I am confused by the type conversion in python pandas
df = pd.DataFrame({'a':['1.23', '0.123']})
type(df['a'])
df['a'].astype(float)
Here df
is a pandas series and its contents are 2 strings, then I can apply astype(float)
on this pandas series, and it correctly convert all string into float. However
df['a'][1].astype(float)
gives me AttributeError: 'str' object has no attribute 'astype'. My question is: how can that be? I could convert the whole series from string to float but I couldn't convert the entry of this series from string to float?
Also, I load my raw data set
df['id'].astype(int)
it generates ValueError: invalid literal for int() with base 10: ''
This one seems to suggest that there is a blank in my df['id']
. So I check whether it is true by typing
'' in df['id']
it says false. So I am very confused.
The Python "AttributeError: 'str' object has no attribute" occurs when we try to access an attribute that doesn't exist on string objects. To solve the error, make sure the value is of the expected type before accessing the attribute. Here is an example of how the error occurs.
This error belongs to the AttributeError type. We encounter this error when trying to access an object’s unavailable attribute. For example, the NumPy arrays in Python have an attribute called size that returns the size of the array.

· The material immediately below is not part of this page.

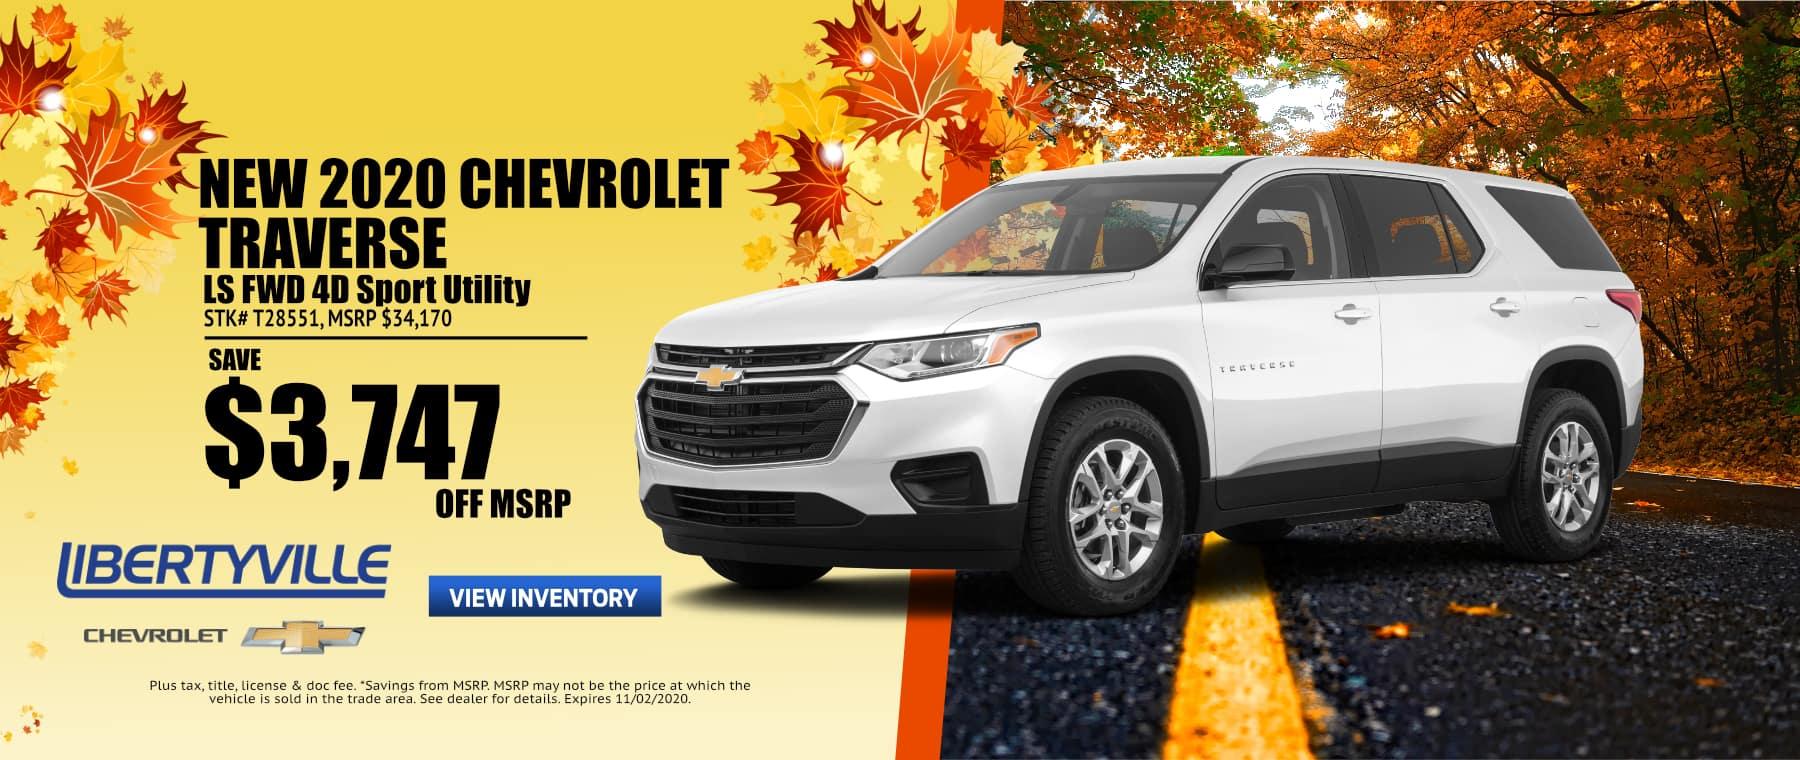 October-2020 Traverse NEW WEBSITE Libertyville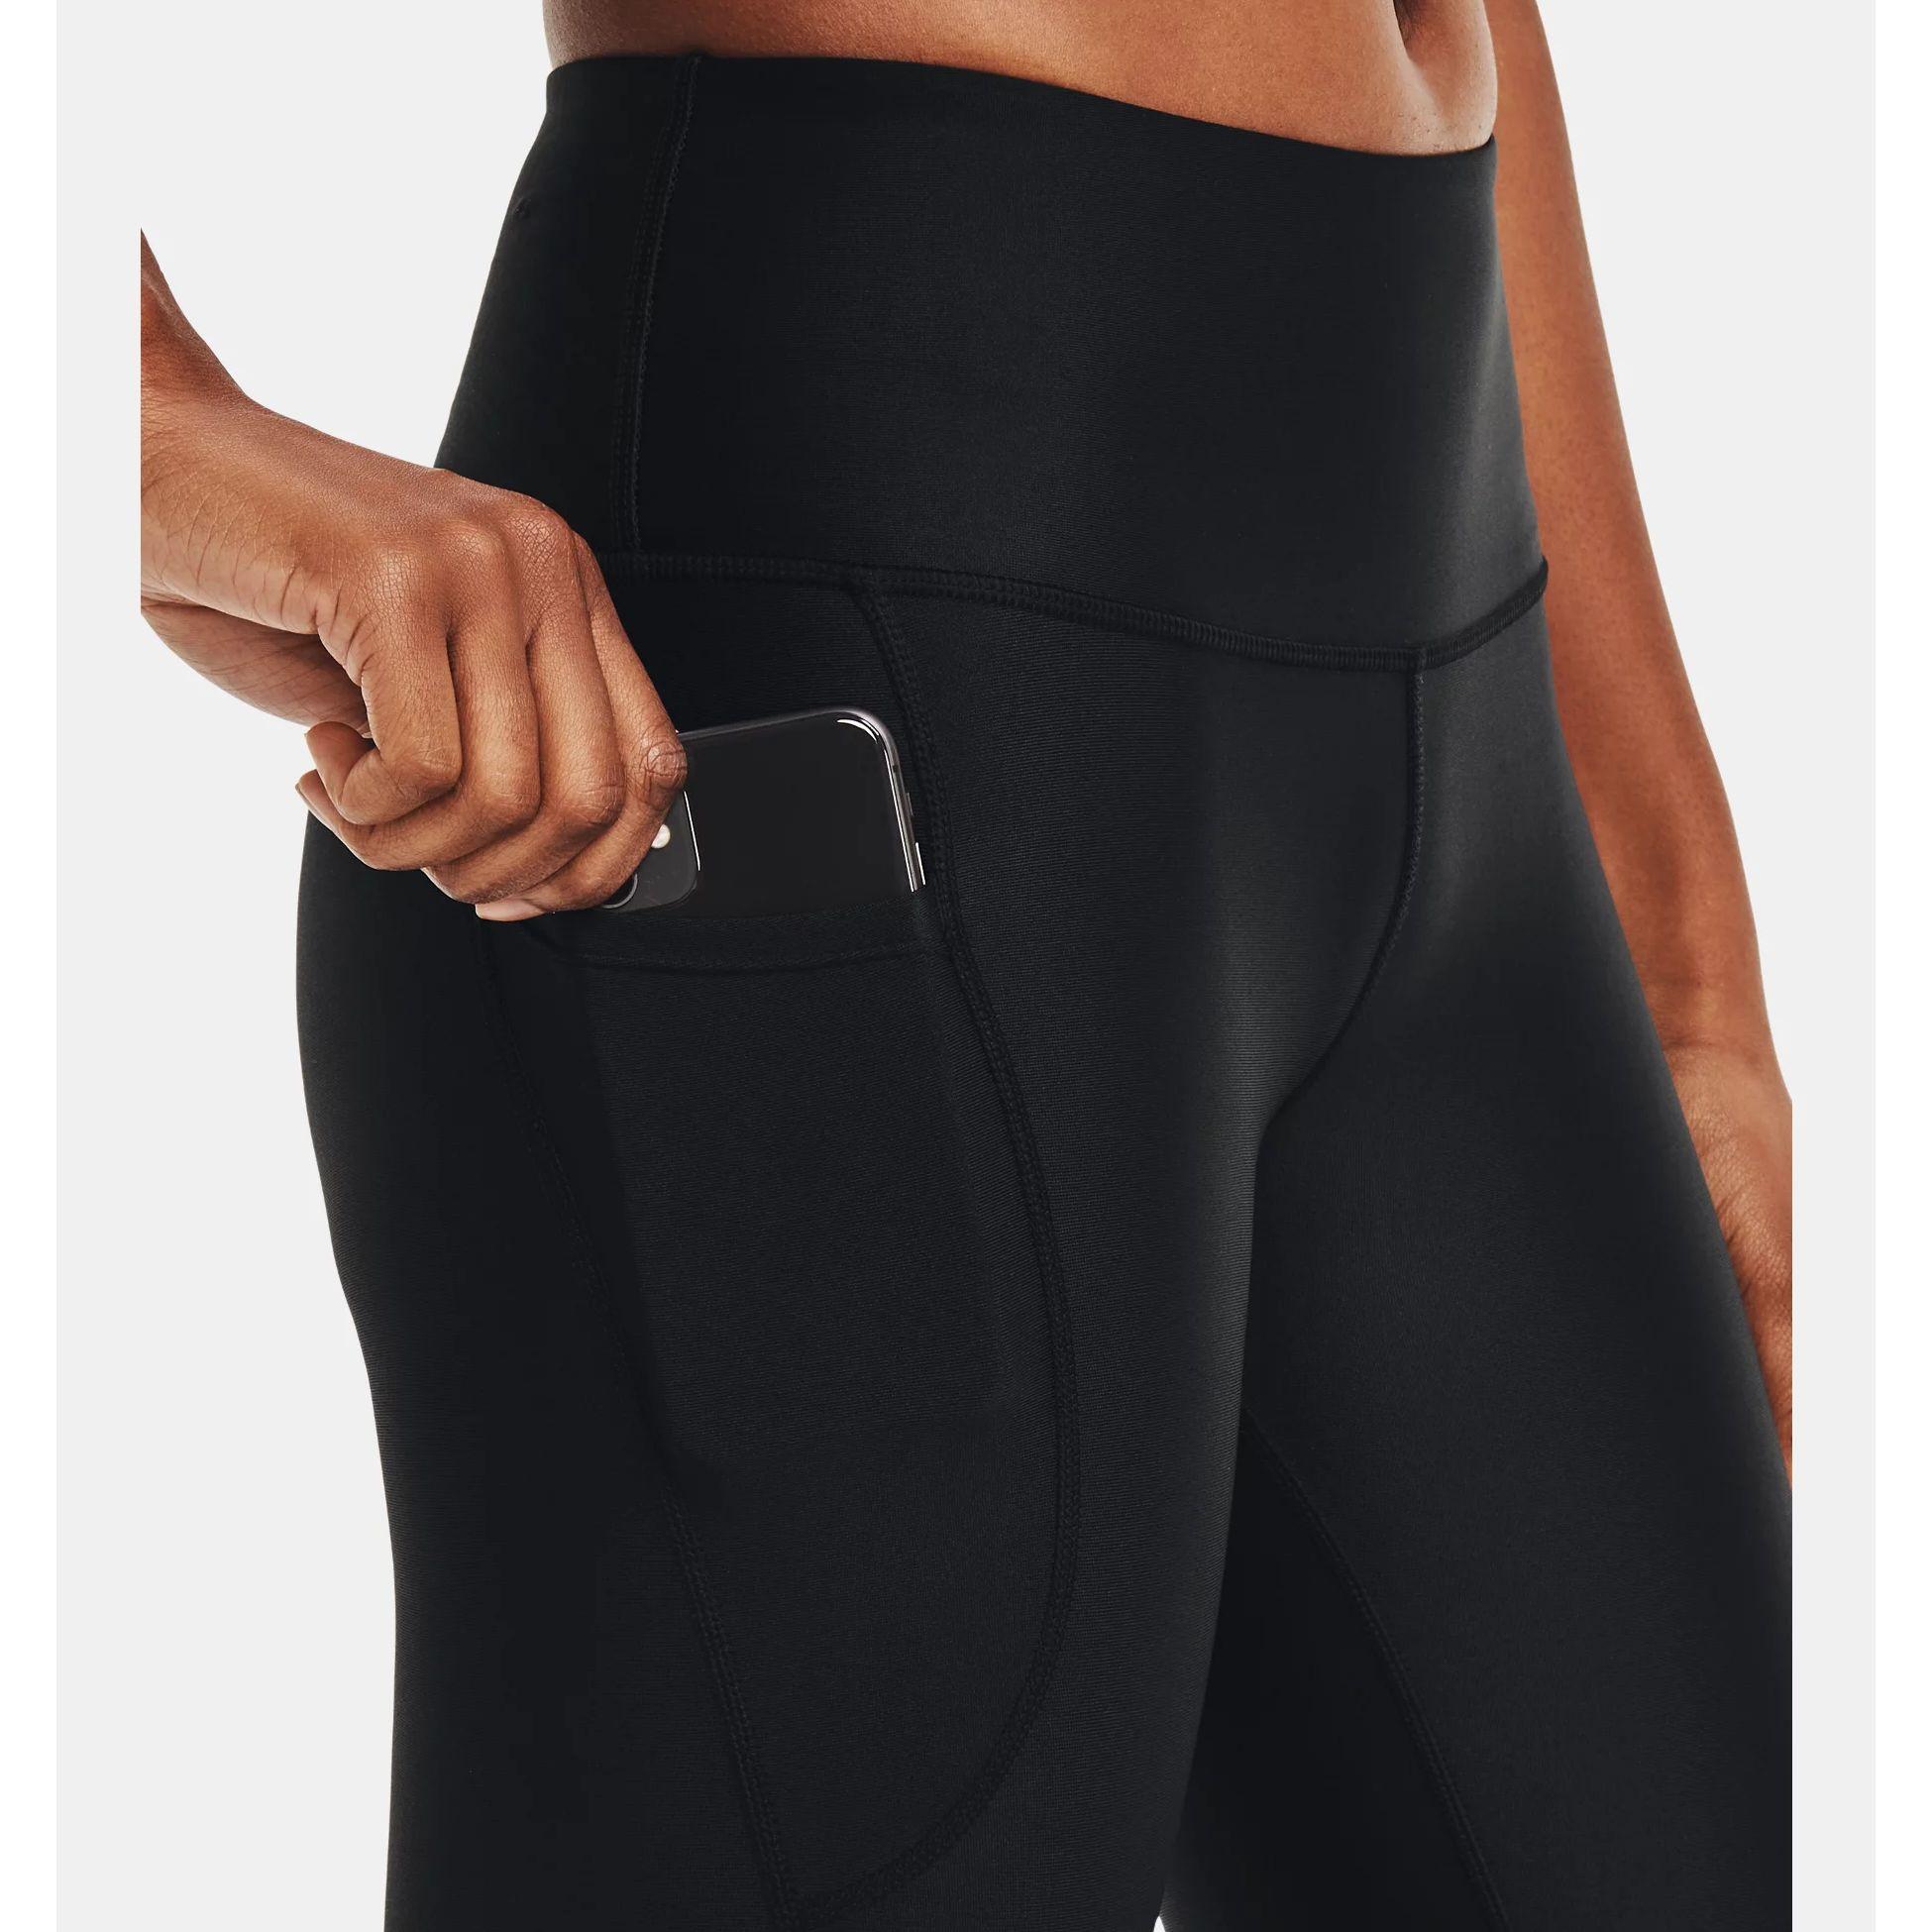 Clothing -  under armour HeatGear Armour No-Slip Waistband Shine Full-Length Leggings

Attributes are functions or properties associated with an object of a class. Everything in Python is an object, and all these objects have a class with some attributes. We can access such properties using the . operator. This tutorial will discuss the object has no attribute python error in Python. This error belongs to the AttributeError type.
It's not valid, because you can't refer to the items by index with an iterator (title is a method on str objects) What does "AttributeError: 'str' object has no attribute 'title ()'" mean in Python 3?
df['a']
returns a Series
object that has astype
as a vectorized way to convert all elements in the series into another one.
df['a'][1]
returns the content of one cell of the dataframe, in this case the string '0.123'
. This is now returning a str
object that doesn't have this function. To convert it use regular python instruction:
type(df['a'][1])
Out[25]: str
float(df['a'][1])
Out[26]: 0.123
type(float(df['a'][1]))
Out[27]: float
As per your second question, the operator in
that is at the end calling __contains__
against the series with ''
as argument, here is the docstring of the operator:
help(pd.Series.__contains__)
Help on function __contains__ in module pandas.core.generic:
__contains__(self, key)
True if the key is in the info axis
It means that the in
operator is searching your empty string in the index, not the contents of it.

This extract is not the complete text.